In the Middle of Somewhere (48 page)

BOOK: In the Middle of Somewhere
6.27Mb size Format: txt, pdf, ePub
ads

“Daniel?” Will says, snapping my attention back to him. “Take care of him, okay?”

“Okay,” I say. Will shakes my hand and gets in his car. “Will,” I say, and gesture for him to roll down his window. “You’re not so bad either. Have a safe trip.” His smile is pure victory as he backs out of the driveway.

I sit down on the front step. I don’t quite understand how my life got so out of control. How did things turn so fucked-up just when I thought I was getting everything together?
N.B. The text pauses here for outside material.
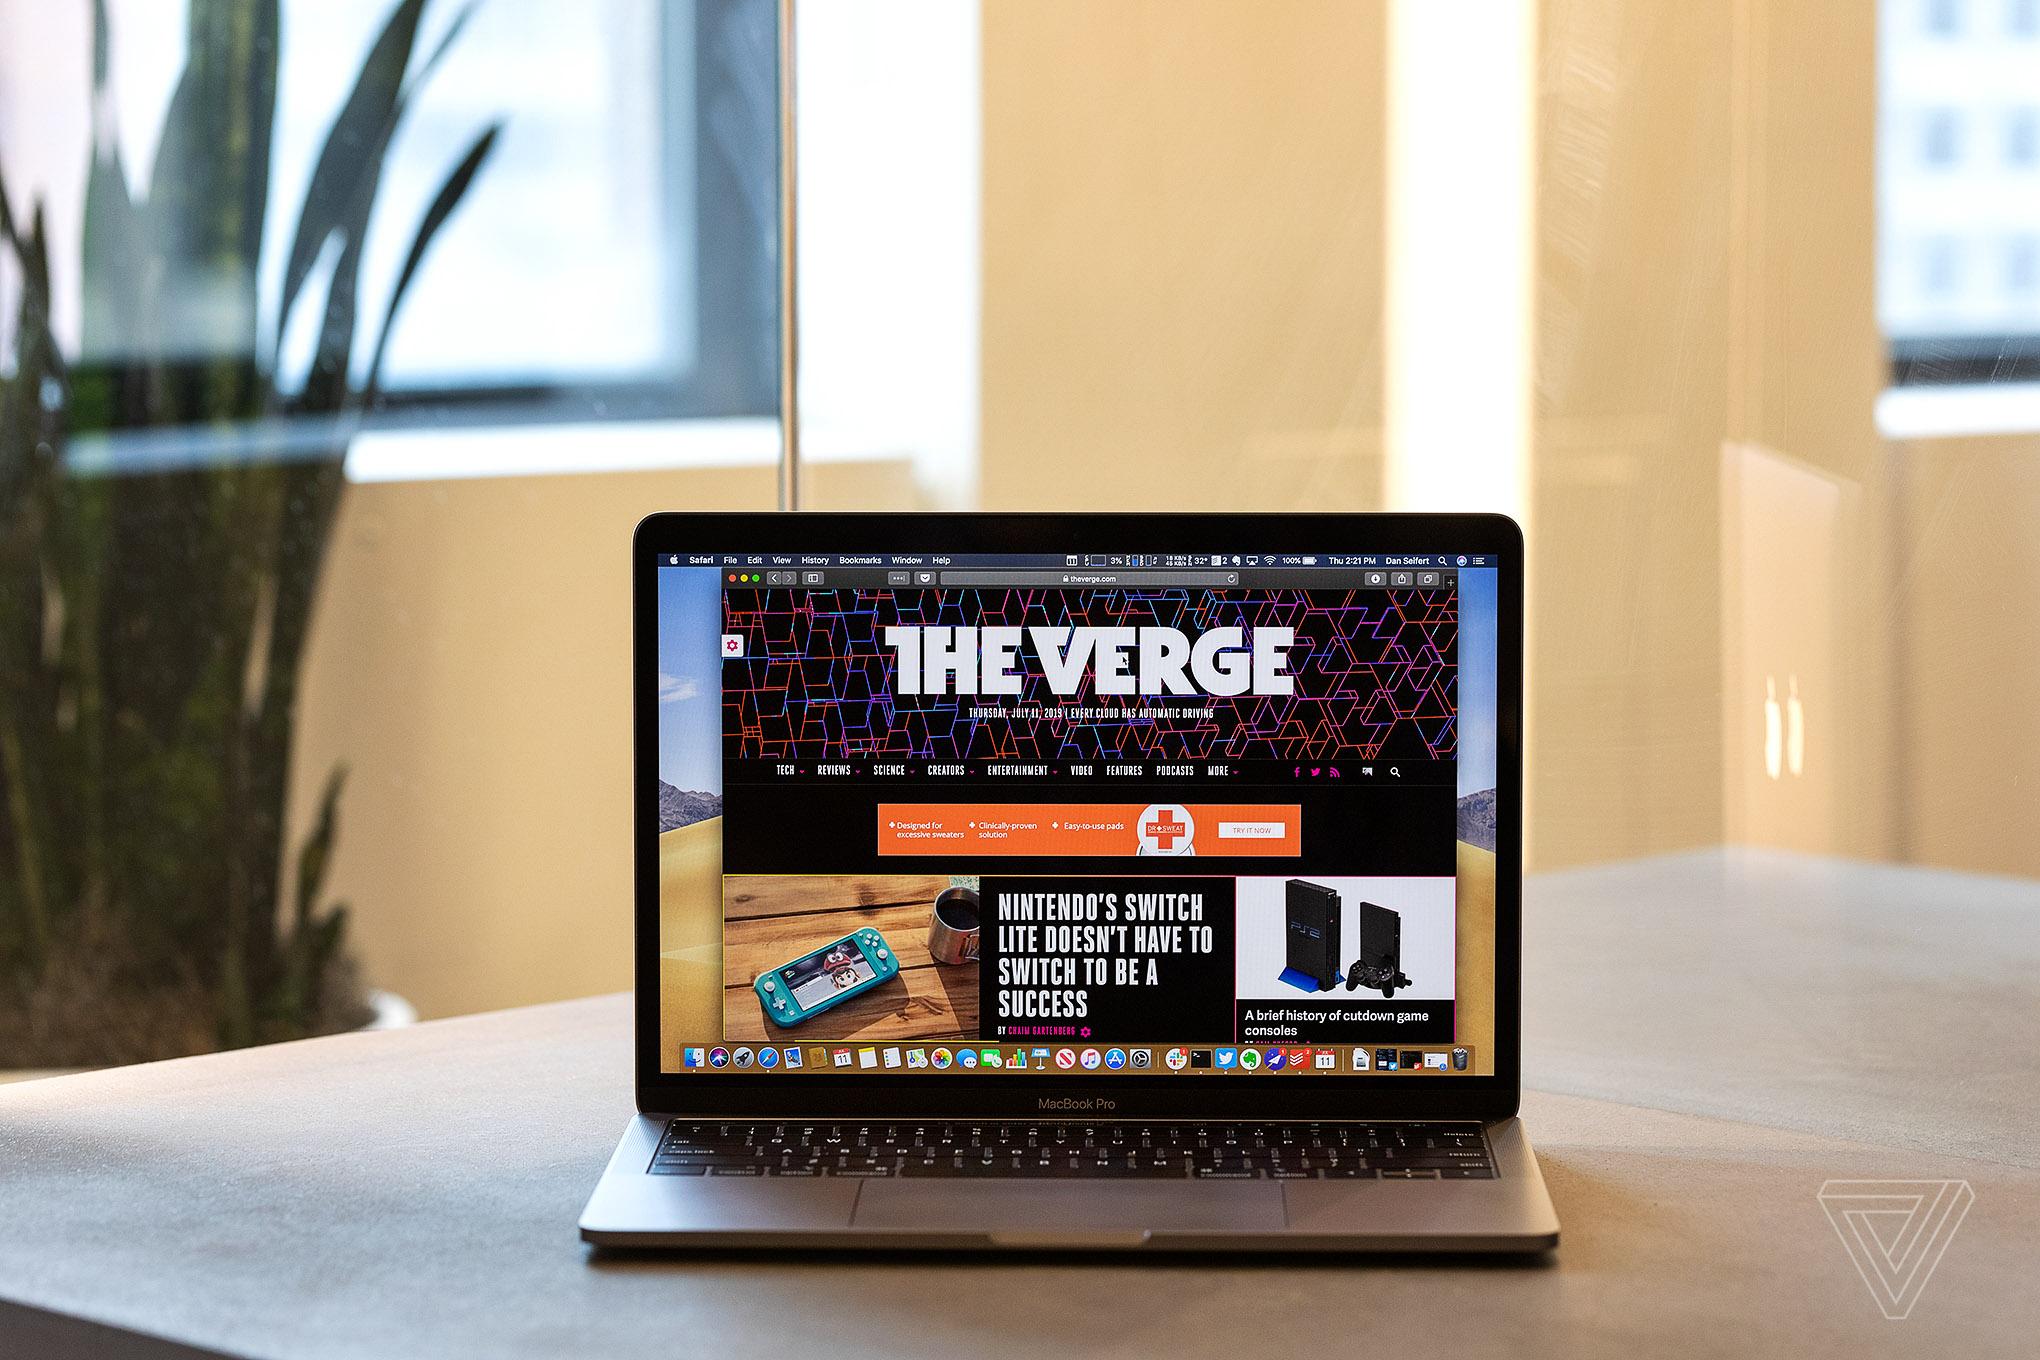 Laptop Reviews - The Verge

And why do I feel so… so fucking vulnerable?

No, not just vulnerable. I feel panicked.

It started with the phone call about my dad, sure. But, everything with Colin—I still can’t wrap my mind around it. It’s like I have to re-see my whole life—every interaction with him—through a new lens. He hasn’t called me back either, no surprise there. Then Virginia’s call….

The Temple job is everything I thought I wanted all throughout grad school. Secure, prestigious, teaching smart students, working with brilliant faculty, having the budget to bring speakers to campus, having access to great libraries and archives. It was perfect.

Last year.

And now? Now, just the idea of leaving Rex fills me with the strongest panic of all. And the look on his face when I said Temple was in Philly… he looked resigned. Like he knew it would happen. Just like Will said.

Fuck! Everything is spiraling out of control again, the way it used to when I was a fucked-up kid with no self-control who would act before thinking anything through. Only back then the sensation was thrilling, like a kite string unspooling into who knows where.

Now I just feel like I want to puke.

I go back inside to finish changing my laundry loads, but find that Rex has already done it.

“Did you?” I gesture toward the laundry when I find Rex in the kitchen.

“Yeah,” he says. “Will gone?”

I nod.

“You didn’t have to,” I say.

“It’s okay,” Rex says. “You were helping him with his car. I can help you, right?”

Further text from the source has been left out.